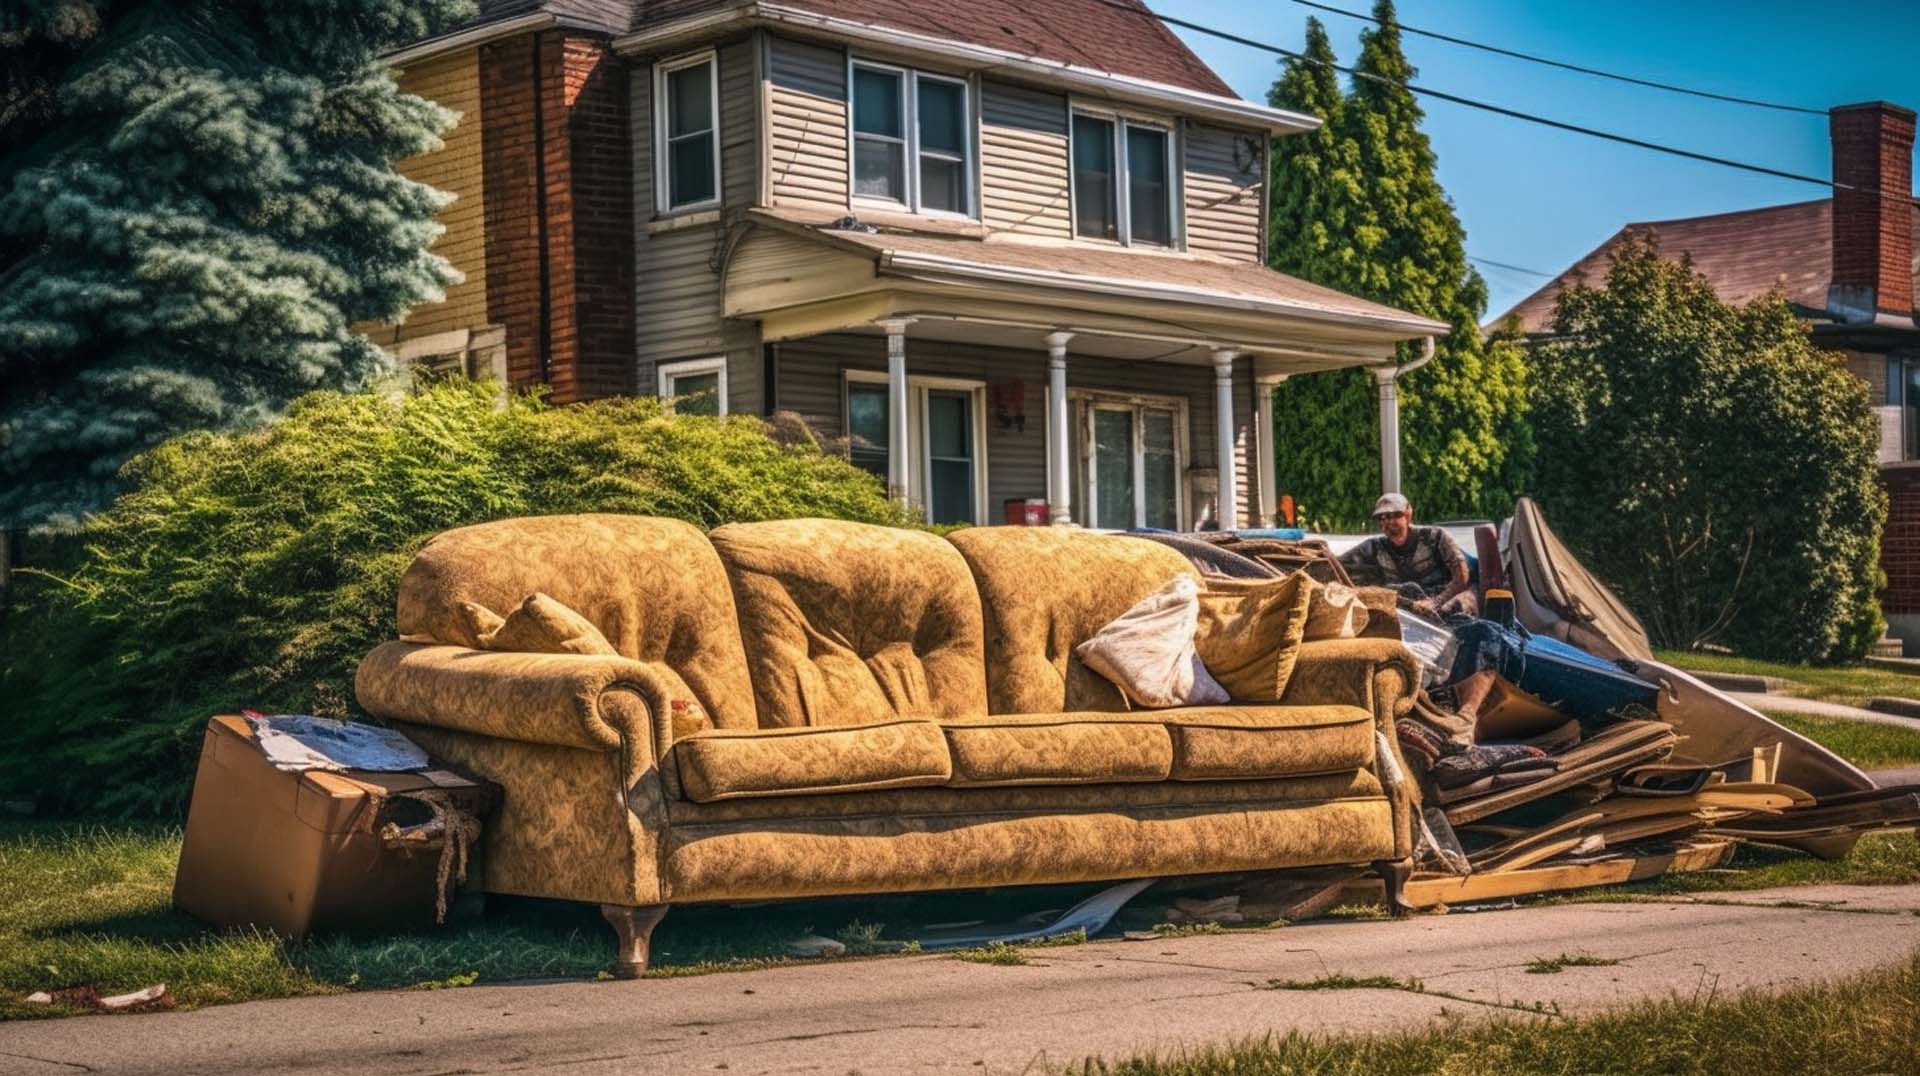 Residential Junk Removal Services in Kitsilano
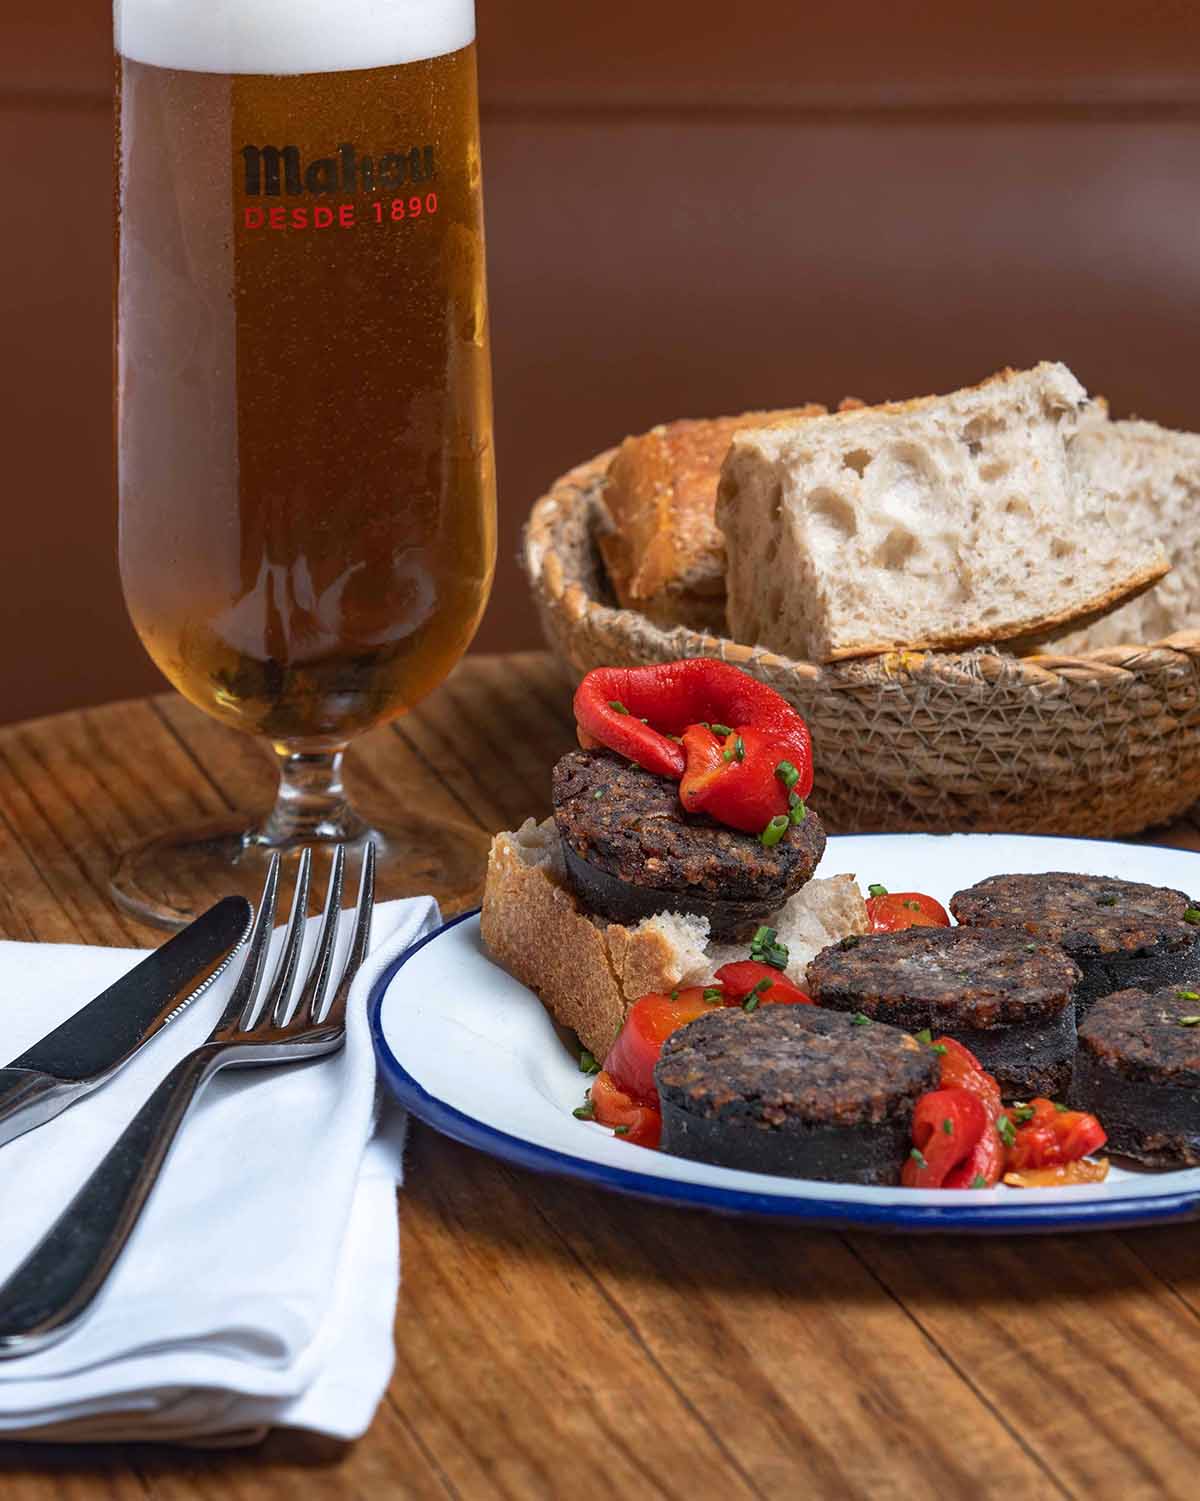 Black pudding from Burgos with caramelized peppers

◇ ◇ ◇ ◇ ◇

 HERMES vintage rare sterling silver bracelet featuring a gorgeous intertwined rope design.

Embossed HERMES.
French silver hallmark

◇ ◇ ◇ ◇ ◇

## Directions for this task
Looking at the entries above, work out how many lines include the word "HERMES" and reply with that number alone.

## Result of this task
2